The first email I saw this morning was a notice of your blog post with "pessimism" as the Word of the Week. I then turned on the radio as the news began with a feature on the public's pessimistic view for 2023 (mainly due to the economy, but also due to political and personal worries as well). Then the first text I received today was from a friend who'd just seen my choice for "Word of the Year" on my website (Here: https://www.thedickinson.net/words-of-the-year-2022.html). The text read, "Awww...you need this dose of optimism," and she provided this link: https://tinyurl.com/2hxny2kr
The "dose" is a bit lengthy but offers some glimmers of hope from 2022 when "folks both abroad and at home stepped up to the plate" -- but Imma be honest: I need more. I have a severe case of PTSD (Post Trump Stress Disorder). #justsaying
Posted by: James Asher | January 02, 2023 at 05:19 AM
Oh, of course the mug's sold out on Etsy. Of course.
*sighs heavily in pessimist*
Posted by: TadMack | January 03, 2023 at 02:48 PM
I've always wanted to produce and market a "Dare to Fail" rally, a realist convention. It would feature selected glum philosophers, journalists, and comedians.
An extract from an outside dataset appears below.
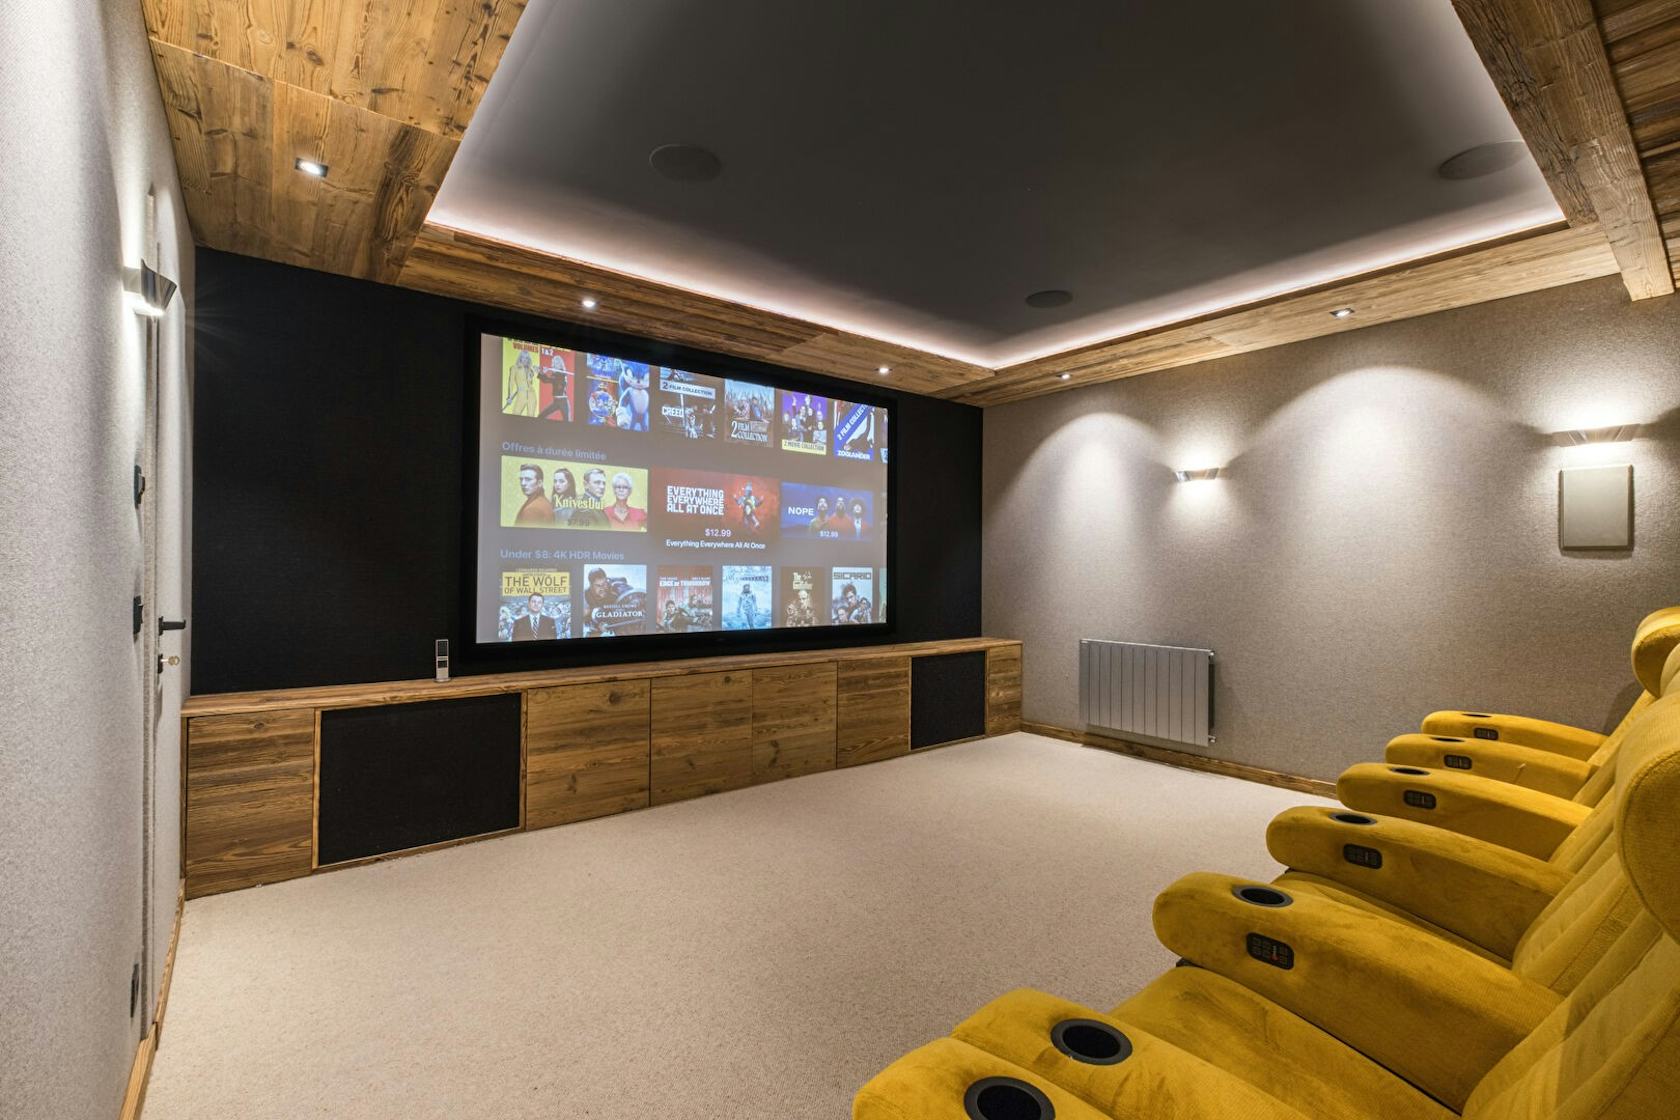 indoors interior design electronics home theater screen people person computer hardware hardware monitor
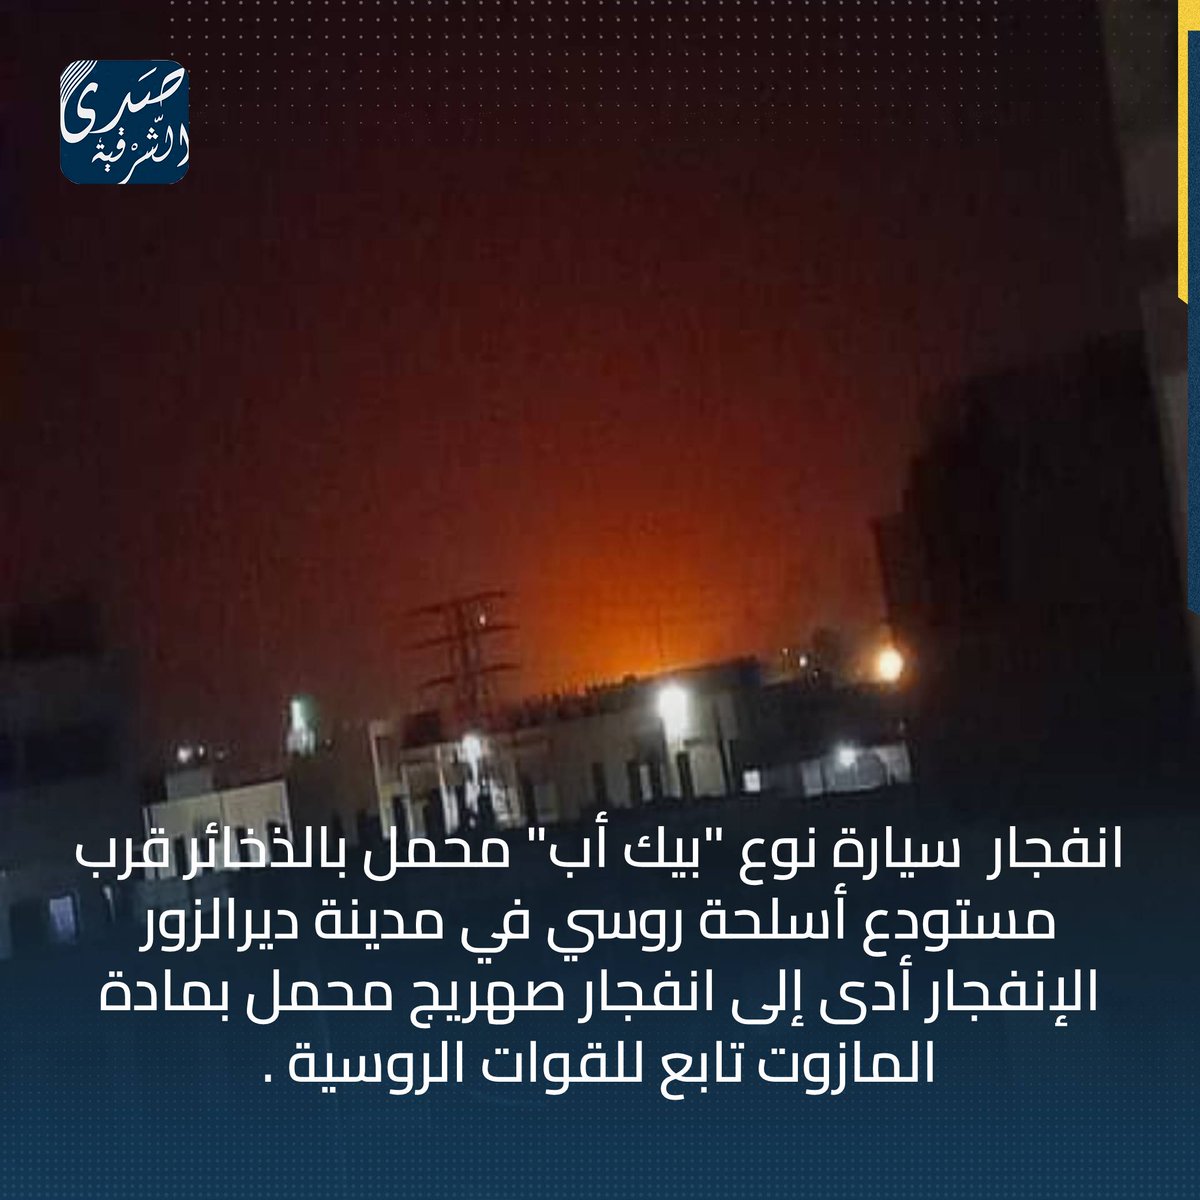 Explosions that were heard in Deir Ezzor were caused by the explosion of ammunition that was loaded with a pickup truck equipped with anti-aircraft ground near a Russian weapons depot, which led to the explosion of a diesel tank. Members of the security branches of the Assad government rushed to the place, accompanied by ambulances

But it would probably be boring, and no one would come. It would never work.
Posted by: Dan Freiberg | January 04, 2023 at 10:28 AM
I've always thought English could do with fewer pessimists and optimists and more malists (things are bad but could be worse and bonists (things are good but could be better).
(I'm one of those people who piss off survey writers because I don't strongly like, dislike, agree with, or disagree with anything.)